A solution based on linked lists
Here is a solution based on linked lists. It allows us to still use patterns but avoid inefficiencies caused by patterns containing __ or ___ (when repeatedly applied):
ClearAll[toLinkedList];
toLinkedList[x_List] := Fold[{#2, #1} &, {}, Reverse#x]
ClearAll[accumF];
accumF[llFull_List, acc_List, {h_, t_List}, ctr_, max_, min_, band_, rLen_] :=
With[{cmax = Max[max, h], cmin = Min[min, h]},
accumF[llFull, {acc, h}, t, ctr + 1, cmax, cmin, band, rLen] /;
Abs[cmax - cmin] < band];
accumF[llFull_List, acc_List, ll : {h_, _List}, ctr_, _, _, band_, rLen_] /; ctr >= rLen :=
accumF[ll, (Sow[acc]; {}), ll, 0, h, h, band, rLen];
accumF[llFull : {h_, t : {_, _List}}, _List, ll : {head_, _List}, _, _, _, band_, rLen_] :=
accumF[t, {}, t, 0, First#t, First#t, band, rLen];
accumF[llFull_List, acc_List, {}, ctr_, _, _, _, rLen_] /; ctr >= rLen := Sow[acc];
ClearAll[getBandsLL];
getBandsLL[lst_List, runLength_Integer, band_?NumericQ] :=
Block[{$IterationLimit = Infinity},
With[{ll = toLinkedList#lst},
Map[Flatten,
If[# === {}, #, First##] &#
Reap[
accumF[ll, {}, ll, 0, First#ll, First#ll, band,runLength]
][[2]]
]
]
];
Here are examples of use:
In[246]:= getBandsLL[{-1.2,-1.8,1.5,-0.6,-0.8,-0.1,1.4,-0.3,-0.1,-0.7},3,1]
Out[246]= {{-0.6,-0.8,-0.1},{-0.3,-0.1,-0.7}}
In[247]:= getBandsLL[{-1.2,-1.8,1.5,-0.6,-0.8,-0.1,-0.5,-0.3,-0.1,-0.7},3,1]
Out[247]= {{-0.6,-0.8,-0.1,-0.5,-0.3,-0.1,-0.7}}
The main idea of the function accumF is to traverse the number list (converted to a linked list prior to that), and accumulate a band in another linked list, which is passed to it as a second argument.

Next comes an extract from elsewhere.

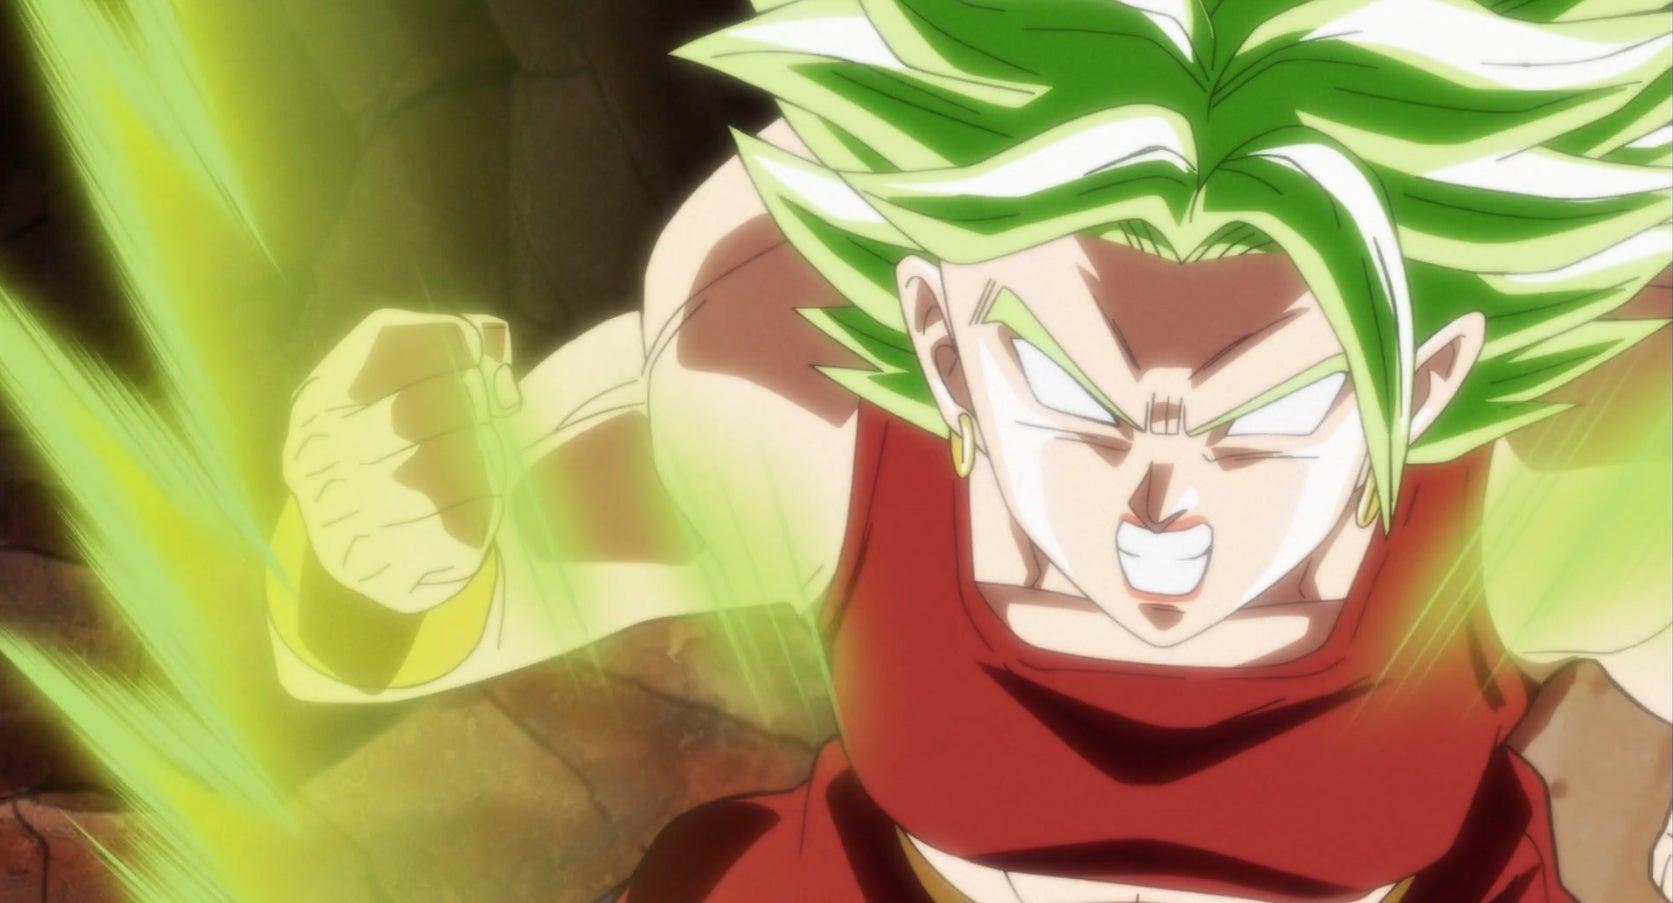 female broly kale legendary super saiyan by windyechoes-dbbhhdz
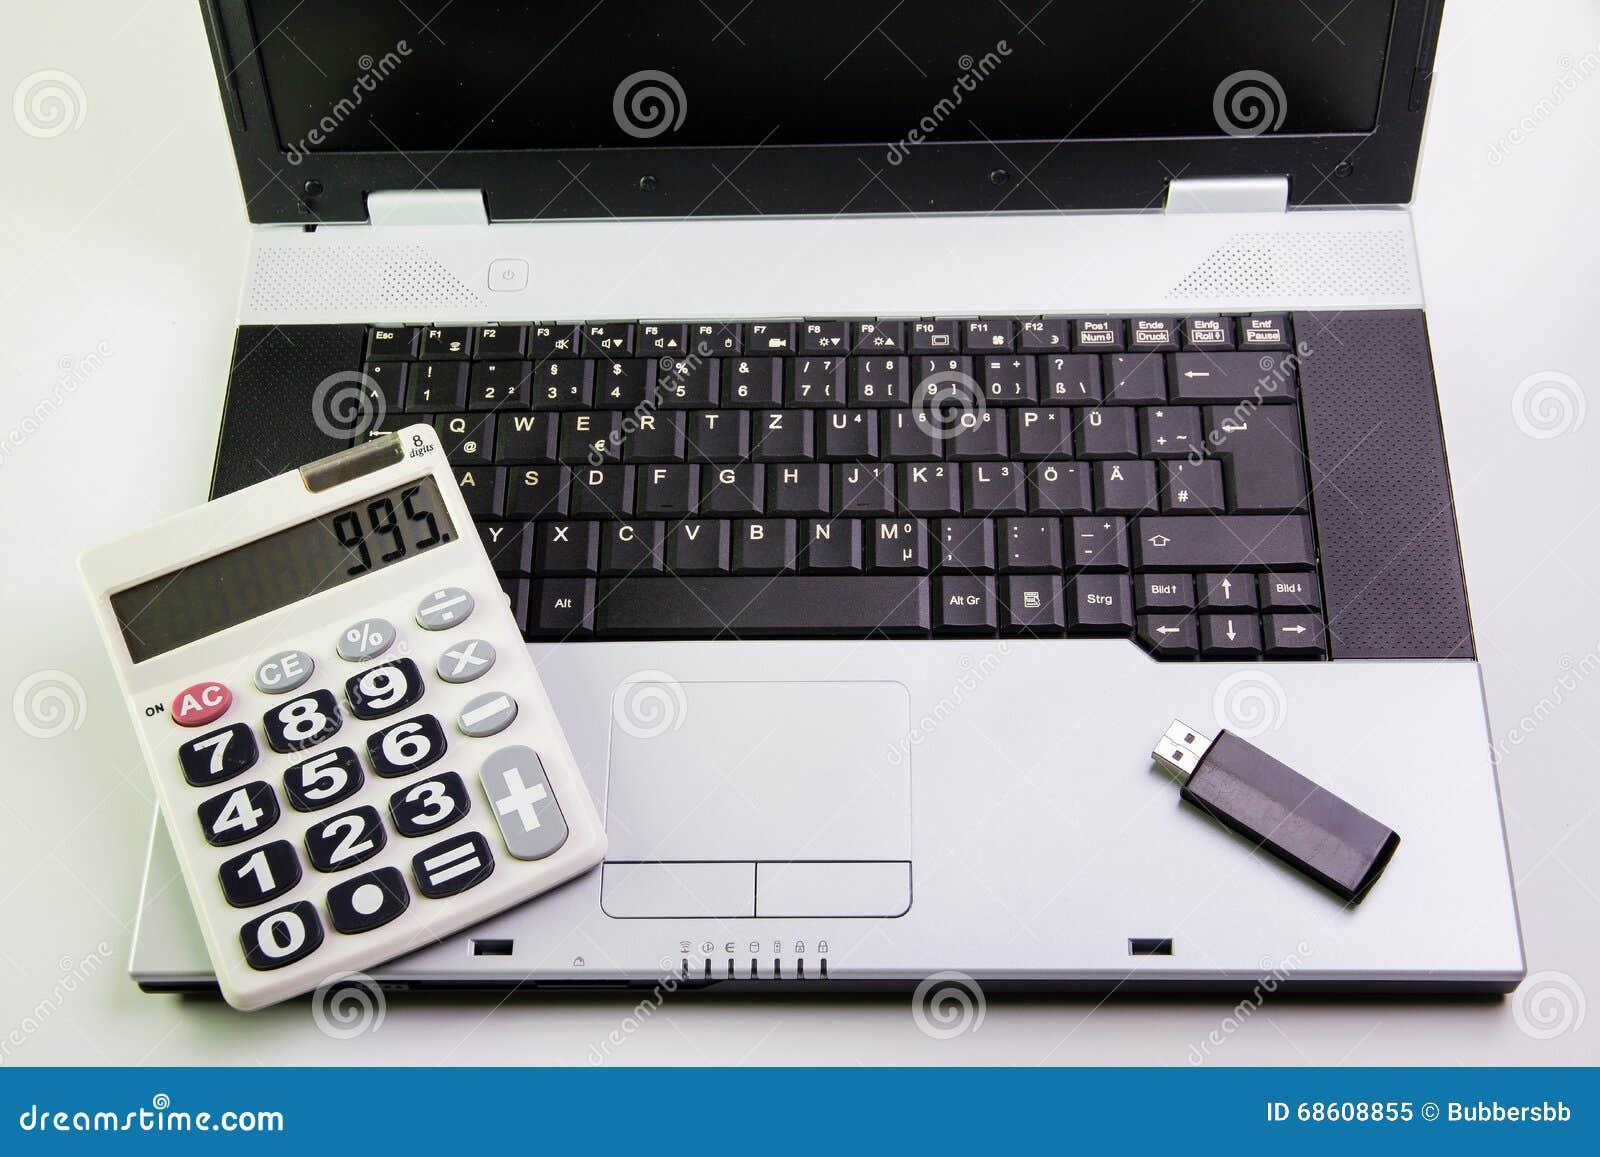 Notebook computer on the desk.Calculators,USB flash drive stick

Once the band condition fails, the accumulated band is memorized using Sow (if it was long enough), and the process starts over with the remaining part of the linked list. The ctr parameter may not be needed if we would choose to use Depth[acc] instead.
There are a few non-obvious things present in the above code. One subtle point is that an attempt to join the two middle rules for accumF into a single rule (they look very similar) and use CompoundExpression (something like (If[ctr>=rLen, Sow[acc];accumF[...])) on the r.h.s. would lead to a non-tail-recursive accumF (See this answer for a more detailed discussion of this issue. This is also why I make the (Sow[acc]; {}) line inside a function call - to avoid the top-level CompoundExpression on the r.h.s.). Another subtle point is that I have to maintain a copy of the linked list containing the remaining elements right after the last successful match was found, since in the case of unsuccessful sequence I need to roll back to that list minus its first element, and start over. This linked list is stored in the first argument of accumF.
Note that passing large linked lists does not cost much, since what is copied is only a first element (head) and a pointer to the rest (tail). This is the main reason why using linked lists vastly improves performance, as compared to the case of patterns like {___,x__,right___} - because in the latter case, a full sequences x or right are copied. With linked lists, we effectively only copy a few references, and therefore our algorithms behave roughly as we expect (linearly in the length of the data list here). In this answer, I also mentioned the use of linked lists in such cases as one of the techniques to optimize code (section 3.4).
Compile - based solution
Here is a straightforward but not too elegant function based on Compile, which finds a list of starting and ending bands positions in the list:
bandPositions =
Compile[{{lst, _Real, 1}, {runLength, _Integer}, {band, _Real}},
Module[{i = 1, j, currentMin, currentMax,
startEndPos = Table[{0, 0}, {Length[lst]}], ctr = 0},
For[i = 1, i <= Length[lst], i++,
currentMin = currentMax = lst[[i]];
For[j = i + 1, j <= Length[lst], j++,
If[lst[[j]] < currentMin,
currentMin = lst[[j]],
(* else *)
If[lst[[j]] > currentMax,
currentMax = lst[[j]]
]
];
If[Abs[currentMax - currentMin] >= band ,
If[ j - i >= runLength,
startEndPos[[++ctr]] = {i, j - 1}; i = j - 1
];
Break[],
(* else *)
If[j == Length[lst] && j - i >= runLength - 1,
startEndPos[[++ctr]] = {i, j}; i = Length[lst];
Break[];
];
]
]; (* inner For *)
]; (* outer For *)
Take[startEndPos, ctr]], CompilationTarget -> "C"];
This is used in the final function:
getBandsC[lst_List, runLength_Integer, band_?NumericQ] :=
Map[Take[lst, #] &, bandPositions[lst, runLength, band]]
Examples of use:
In[305]:= getBandsC[{-1.2,-1.8,1.5,-0.6,-0.8,-0.1,1.4,-0.3,-0.1,-0.7},3,1]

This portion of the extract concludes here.